» **HOW TO COMPLETE THIS TASK**:
Your copy should hold exactly the lines from the one containing "پوشه مشترک را" through the last line of the entries, and no pictures.

Dataset entries

<<<<

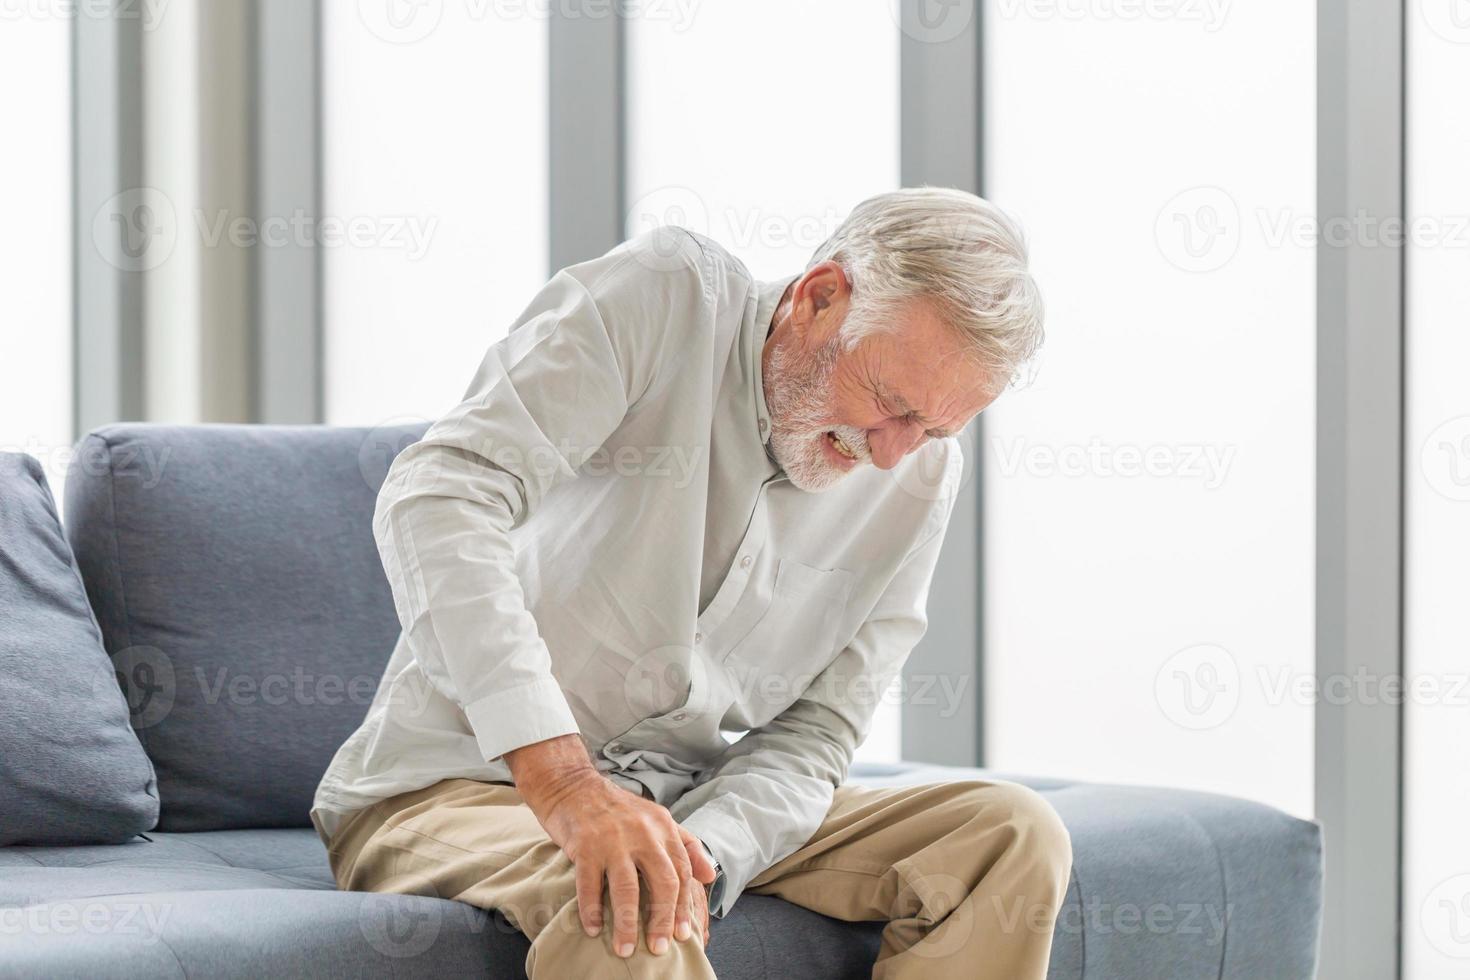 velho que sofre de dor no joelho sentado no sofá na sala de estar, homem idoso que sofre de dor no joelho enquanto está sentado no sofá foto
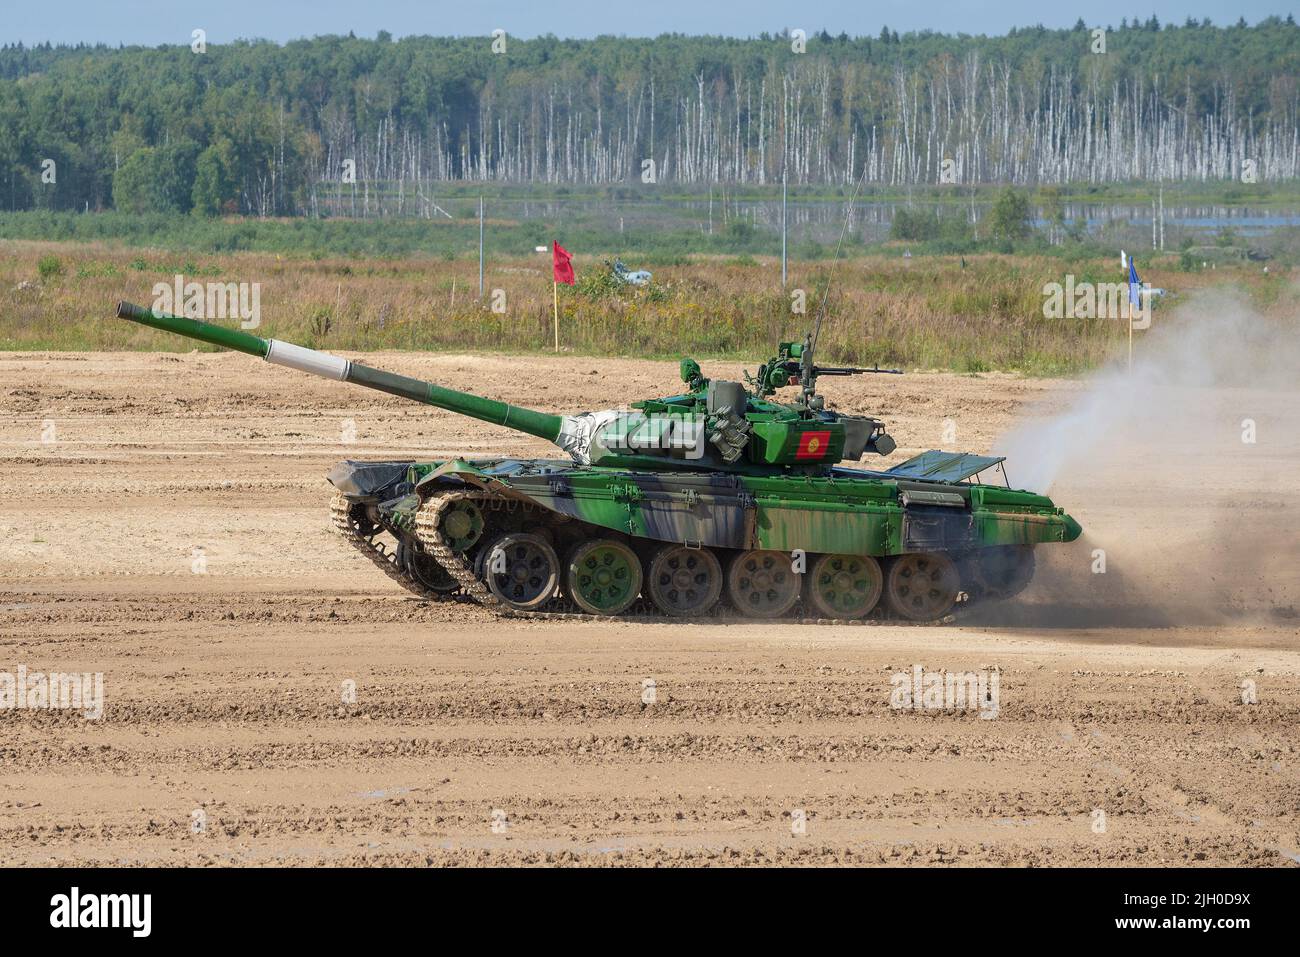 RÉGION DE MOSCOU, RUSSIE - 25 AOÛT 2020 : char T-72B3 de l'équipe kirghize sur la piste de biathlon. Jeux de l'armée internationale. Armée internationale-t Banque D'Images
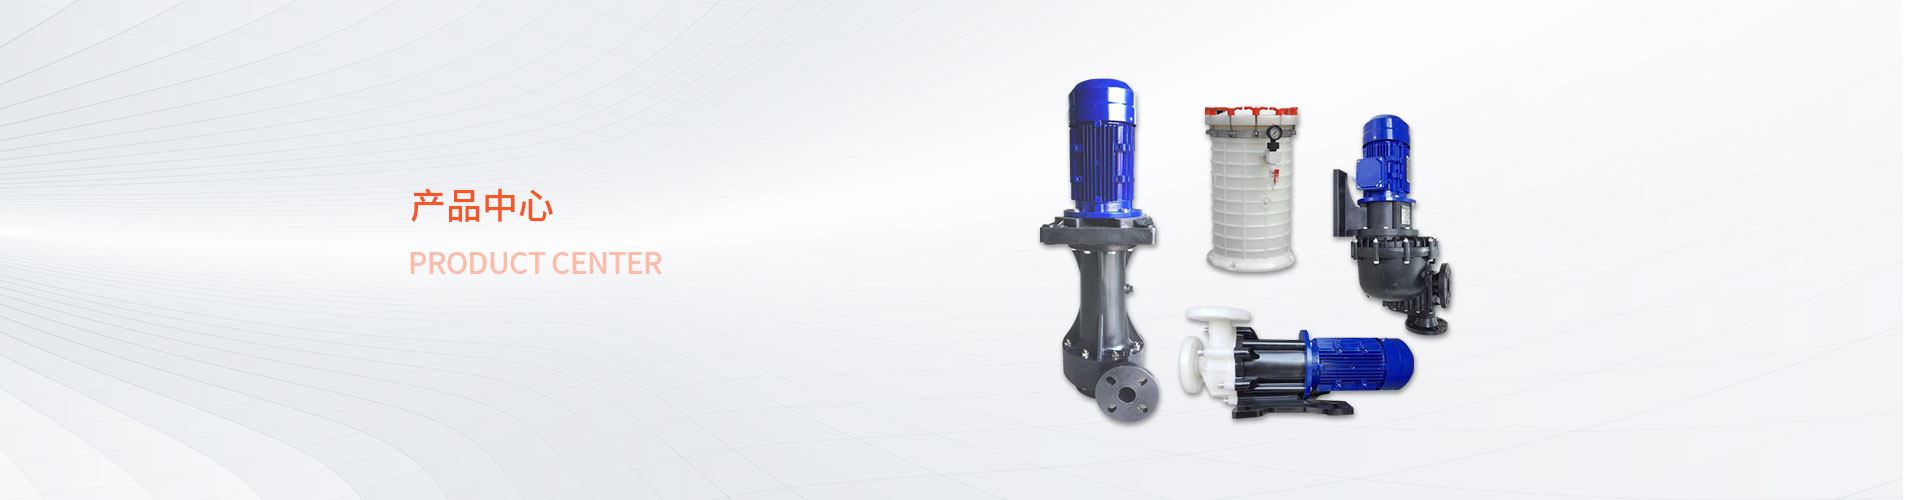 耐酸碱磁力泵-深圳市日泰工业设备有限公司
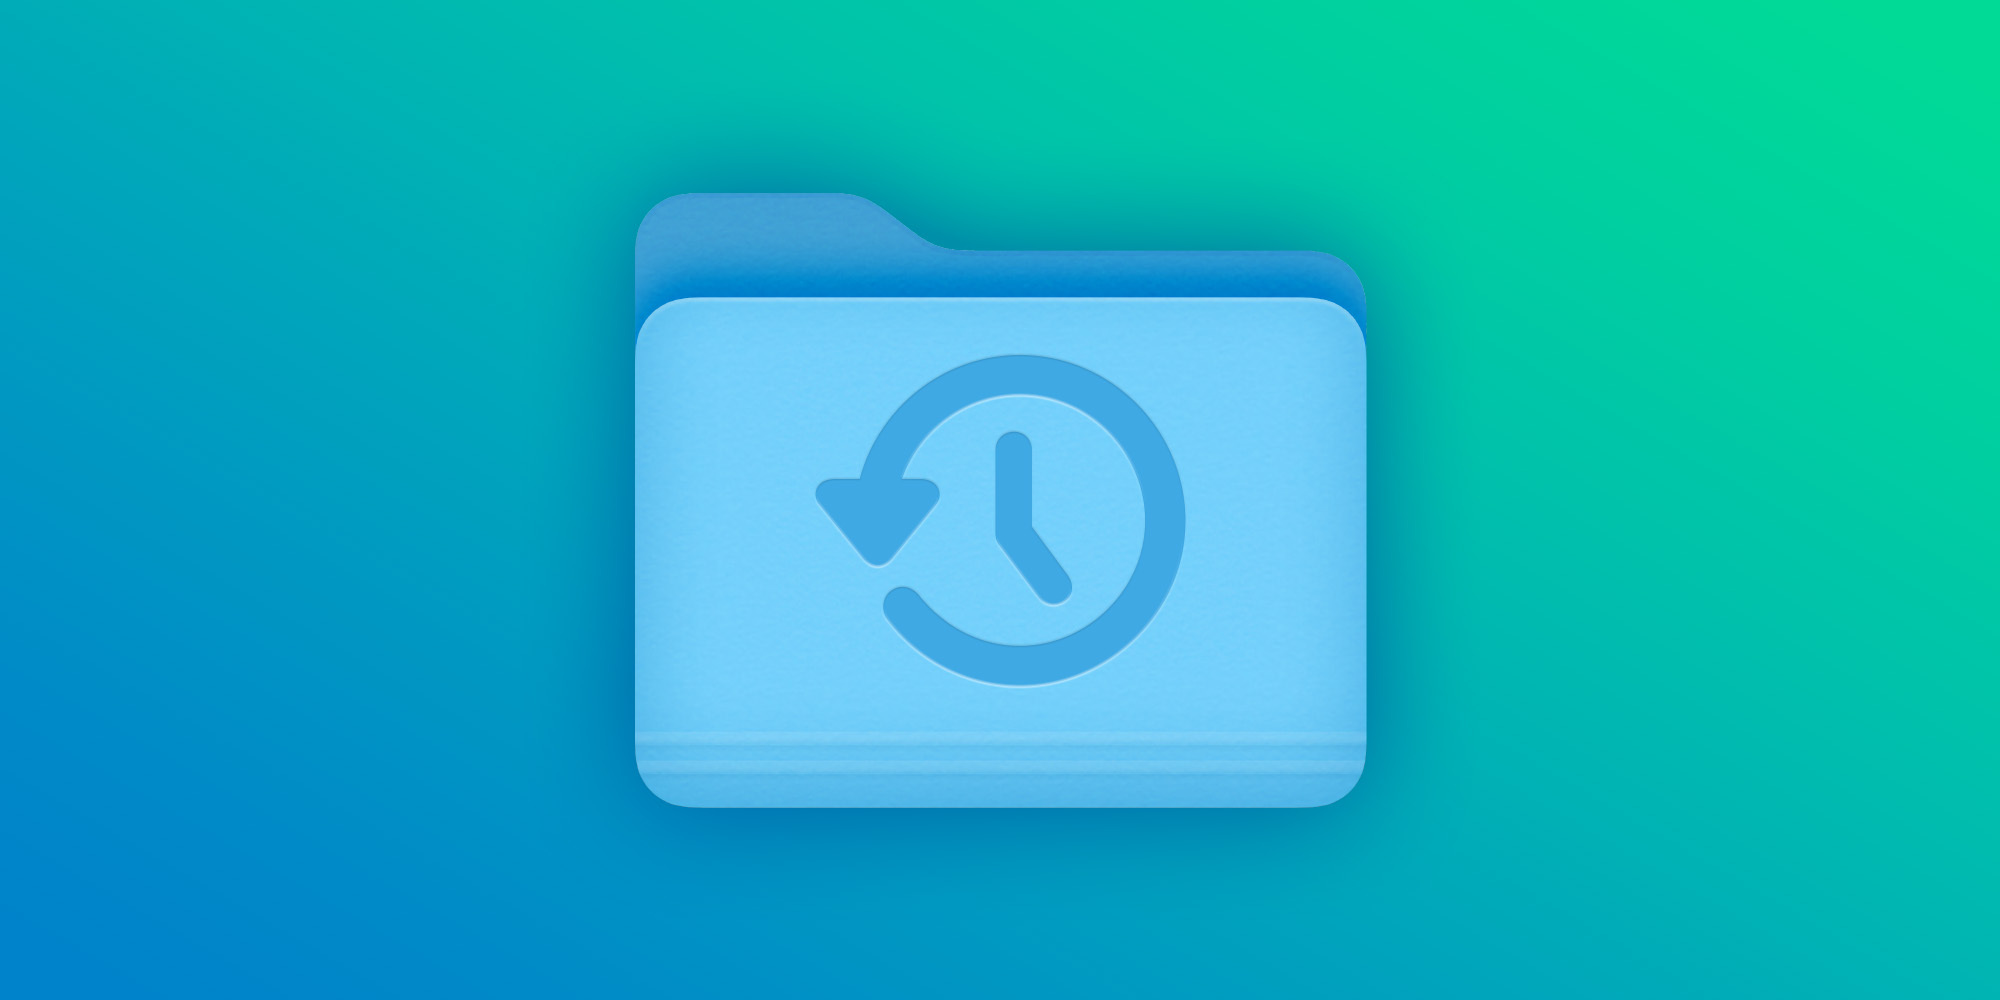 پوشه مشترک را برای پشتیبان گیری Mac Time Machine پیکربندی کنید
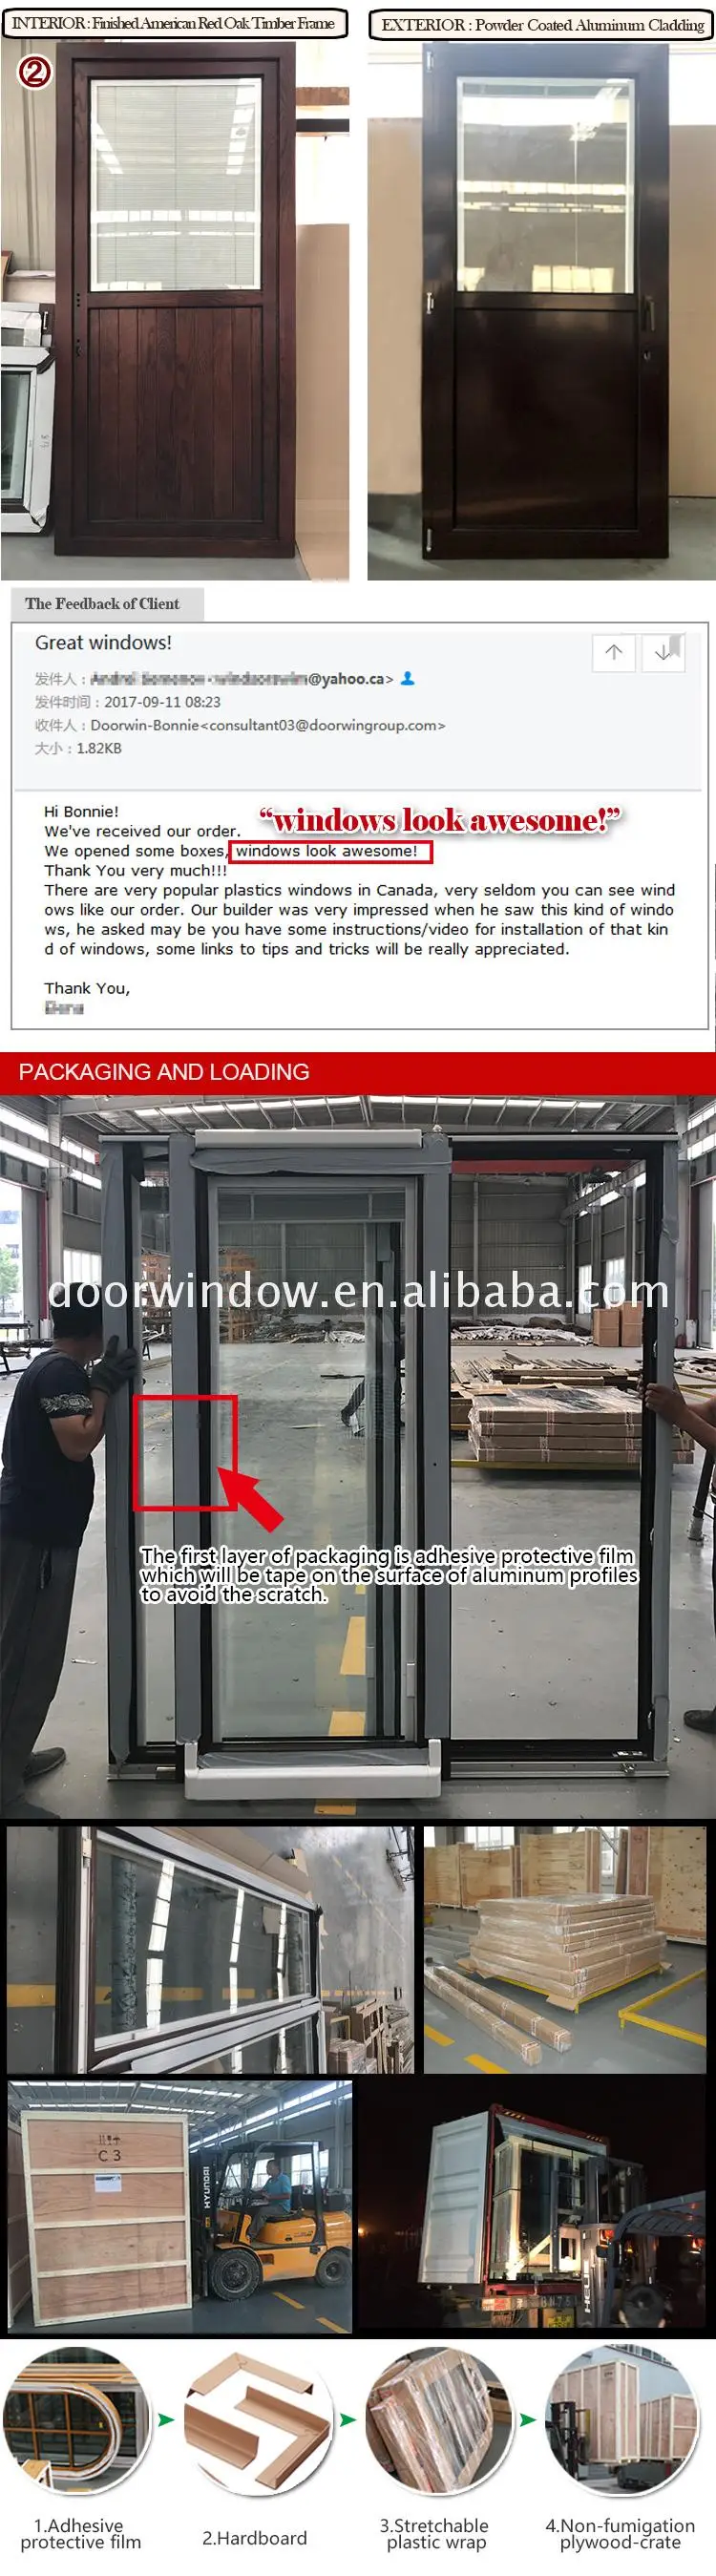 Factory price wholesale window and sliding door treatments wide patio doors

>>>>

» **WRITTEN ANSWER**:
 پوشه مشترک را برای پشتیبان گیری Mac Time Machine پیکربندی کنید
 Factory price wholesale window and sliding door treatments wide patio doors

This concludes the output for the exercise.